Quindi se dico "salgo sull`auto (sulla macchina) di Luigi" e` corretto? Lo chiedo perche` alcuni linguisti dicono che sia piu` corretto dire "salire IN macchina" e non "salire SULLA macchina"...


----------



## Sempervirens

Lituano said:


> Quindi se dico "salgo sull`auto (sulla macchina) di Luigi" e` corretto? Lo chiedo perche` alcuni linguisti dicono che sia piu` corretto dire "salire IN macchina" e non "salire SULLA macchina"...



Ciao, Lituano! Mi sembra strano che un linguista dica quello che è bene e quello che è male, riguardo gli usi della lingua.

Mah, forse è un maestro, un professore, un insegnante, un benparlante, la persona che si è pronunciata così? 

S.V


----------



## ohbice

Non hai torto, Lituano. "Salire in macchina" ("salire in taxi") è più elegante, e certamente è corretto. Però poi la lingua viene _usata_... e quindi non ha torto nemmeno Paul 
"Sali sulla macchina di Luigi" è usato almeno quanto "Sali nella macchina di Luigi", probabilmente di più. Poi ci saranno anche quelli che dicono "Sali in macchina con Luigi", anche se non vuol dire esattamente la stessa cosa...
Ciao.


----------



## francisgranada

Penso che salire, come verbo, presupponga un po' l'uso della preposizione "su". Per cui si sale p.e. sul treno, cioè per entrare nel treno bisogna "andare su". E questo poteva essere valido anche nel caso delle prime macchine automobili, omnibus ecc, per cui ancora oggi si usa salire _sulla _macchina. L'espressione "salire in macchina" invece può essere un’espressione più recente che esprime il fatto che oggi “ci mettiamo" piuttosto _dentro_ la macchina.

(è solo un mio ragionamento personale, non un fatto … )


----------



## Sempervirens

francisgranada said:


> Penso che salire, come verbo, presupponga un po' l'uso della preposizione "su". Per cui si sale p.e. sul treno, cioè per entrare nel treno bisogna "andare su". E questo poteva essere valido anche nel caso delle prime macchine automobili, omnibus ecc, per cui ancora oggi si usa salire _sulla _macchina.
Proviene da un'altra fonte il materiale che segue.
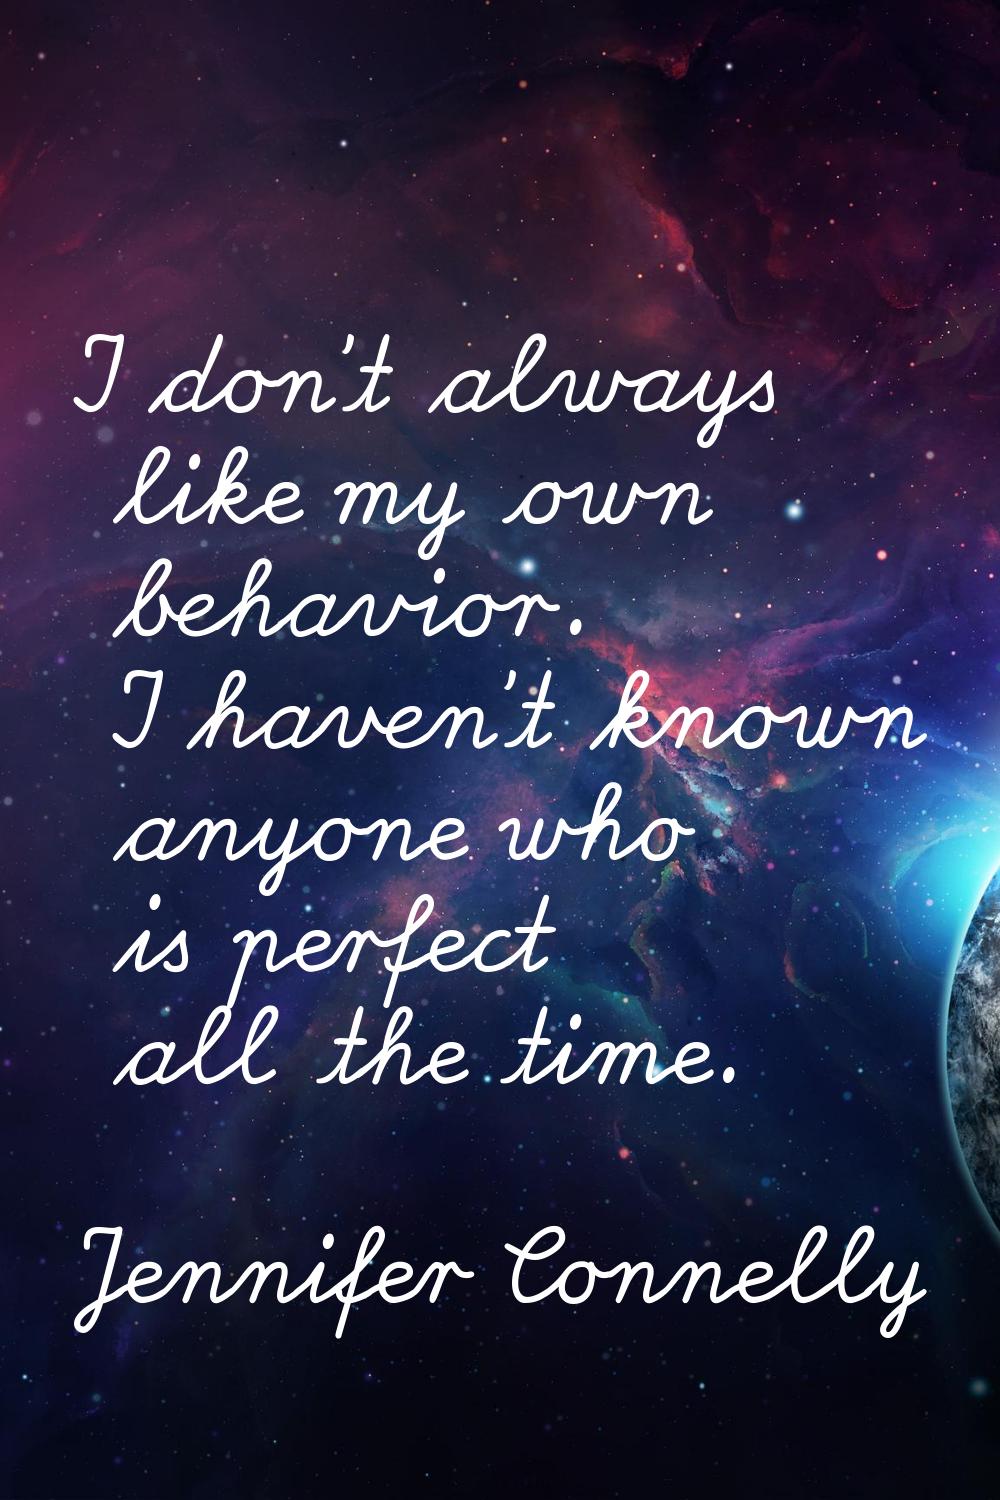 I don't always like my own behavior. I haven't known anyone who is perfect all the time.

L'espressione "salire in macchina" invece può essere un’espressione più recente che esprime il fatto che oggi “ci mettiamo" piuttosto _dentro_ la macchina.
> 
> (è solo un mio ragionamento personale, non un fatto … )




Francis, secondo me il tuo è un ragionamento ben fatto  Complimenti!!


----------



## giginho

*Lituano, scendi dalla mia macchina!!!!*

Secondo me "salire in macchina" è il modo standard di dire. Concordo con Paul che, se si specifica il proprietario, si utilizza "sulla". In generale cerco di evitare di dire "sulla" macchina perché la sento leggermente troppo vicino al concetto di sedersi sul tettuccio dell'auto.

Ciao a tutti

Luigi


----------



## francisgranada

Ciao Gigi! Viste le macchine moderne, direi che sarebbe più logico dire "scendi nella/alla mia macchina" e "sali dalla mia macchina" .


----------



## Lituano

Cari amici, grazie delle vostre cortesi spiegazioni. Non sono d`accordo pero` che "salire SULLA macchina" (in senso "salire in macchina") si usi quando precisiamo essa (p.es., "salire sulla macchina di un ragazzo) perche` su Internet ho trovato qualche espressione come "salire IN macchina di un ragazzo". Puo` darsi che ci sia un regionalismo. No? Che ne dite voi, i madrelingua?


----------



## Paulfromitaly

Lituano said:


> Non sono d`accordo pero` che "salire SULLA macchina" (in senso "salire in macchina") si usi quando precisiamo essa (p.es., "salire sulla macchina di un ragazzo)



Puoi non essere d'accordo su tutto quello che vuoi, resta il fatto che "salire sulla macchina di" è comunemente usato in italiano.


----------



## Lituano

Caro Prof. Paulfromitaly, La ringrazio della Sua cortese ed esauriente risposta. Lei e` stato molto gentile!!!   I piu` cordiali saluti dalla Lituania!


----------



## francisgranada

Lituano said:


> ... su Internet ho trovato qualche espressione come "salire IN macchina di un ragazzo" ...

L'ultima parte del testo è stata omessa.